Кто знает как называется эта тханка? Почему Цонкапа изображён 5 раз? Что за монахи изображены справа?
И вообще расшифруйте пожалуйста символизм этого изображения и какая практика проводится с такой визуализацией!

----------


## Платон

Прибежище Гелуг. Цонхгапа и 4 ближайших ученика. Сверху - Манджушри, снизу - Ямантака, монах, выолняющий подношения.  В небесах - дэвы. Подношения в лотосе снизу в центре идентифицировать не удалось. Прямо перед Цонхгапой - колесо Дхармы и драгоценности, исполняющие пожелания.

----------


## Савелов Александр

Спасибо!

----------


## Платон

Практика простая - простирание, вверение себя учителям традиции и Трем Драгоценностям, испрашивание благословлений йидамов и дакини. Возможно даже мысленное действие в уме, без простираний телом. Накопление и посвящение заслуг! :Smilie:

----------


## Tashi_Tsering

> Прибежище Гелуг. Цонхгапа и 4 ближайших ученика. Сверху - Манджушри, снизу - Ямантака, монах, выолняющий подношения.  В небесах - дэвы. Подношения в лотосе снизу в центре идентифицировать не удалось. Прямо перед Цонхгапой - колесо Дхармы и драгоценности, исполняющие пожелания.


Вы ошибаетесь. Это иллюстрация к тексту Гаден лхагьяма (сто божеств Тушиты), одной из самых распространенных гуру-йог в гелук. Вверху — Тушита, в ее центре Майтрея в окружении из бодхисаттв и самого дост. Цзонхавы.  

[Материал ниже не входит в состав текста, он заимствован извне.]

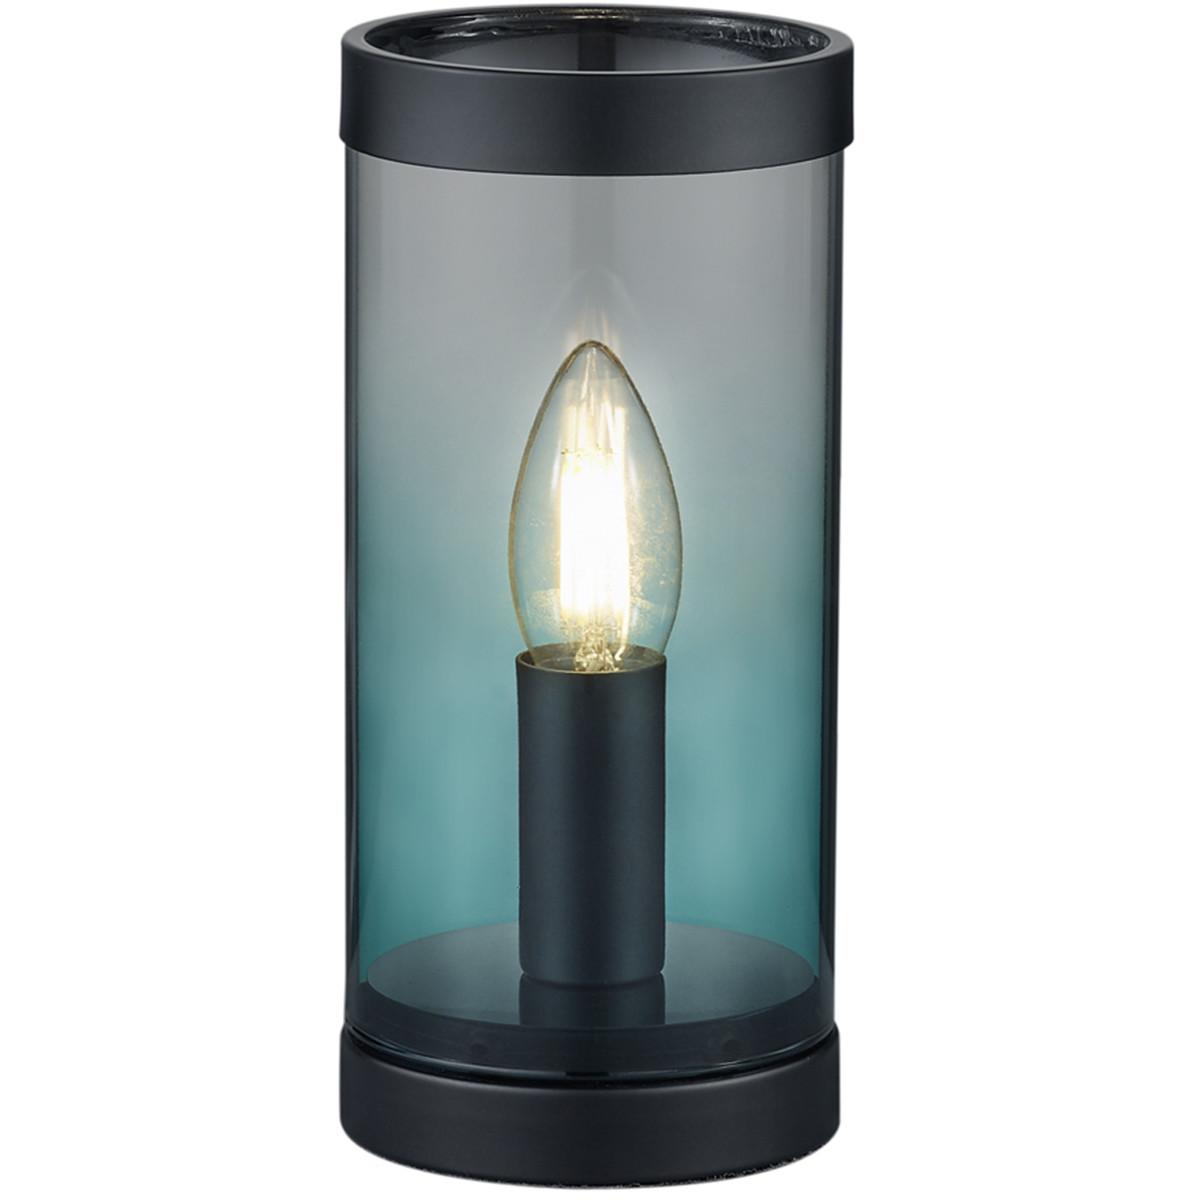 LED Tafellamp - Tafelverlichting - Trion Culo - E14 Fitting - Rond - Turquoise - Aluminium
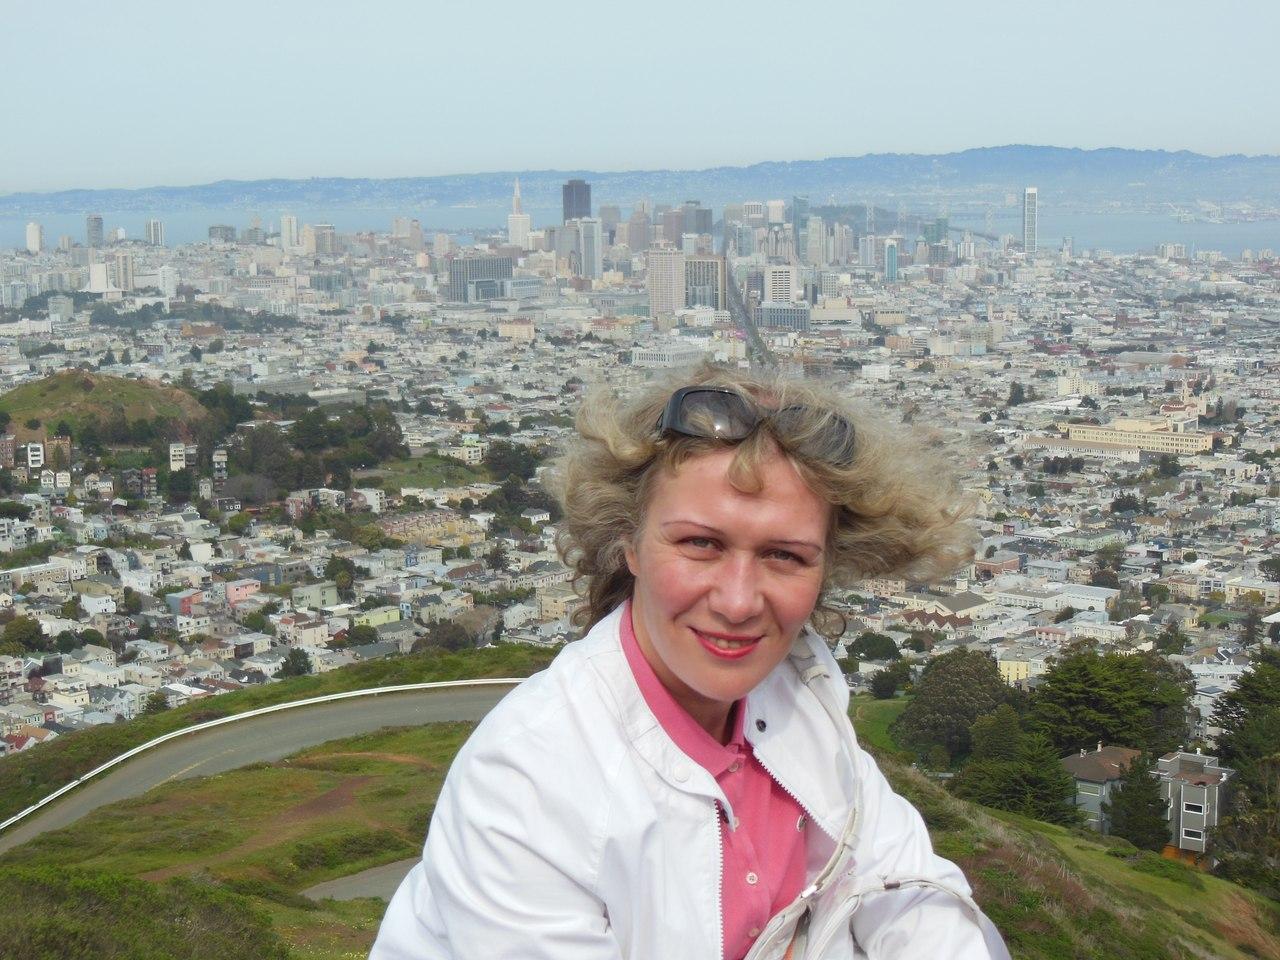 Судья Эльвира Трифонова на отдыхе в Сан-Франциско. Фото ©VK / Elvira Trifonova

В центре дост. Цзонхава, спускающийся из Тушиты со своими двумя главными учениками Кедубом Чже и Гьялцабом Чже. 

Вверху слева (от нас) — V Далай-лама, автор текста Гаден лхагьяма. Кто вверху справа — не могу разобрать. 

Внизу слева вовсе не Ямантака, а Ямараджа со своей спутницей Чамунди — один из главных защитников гелук. 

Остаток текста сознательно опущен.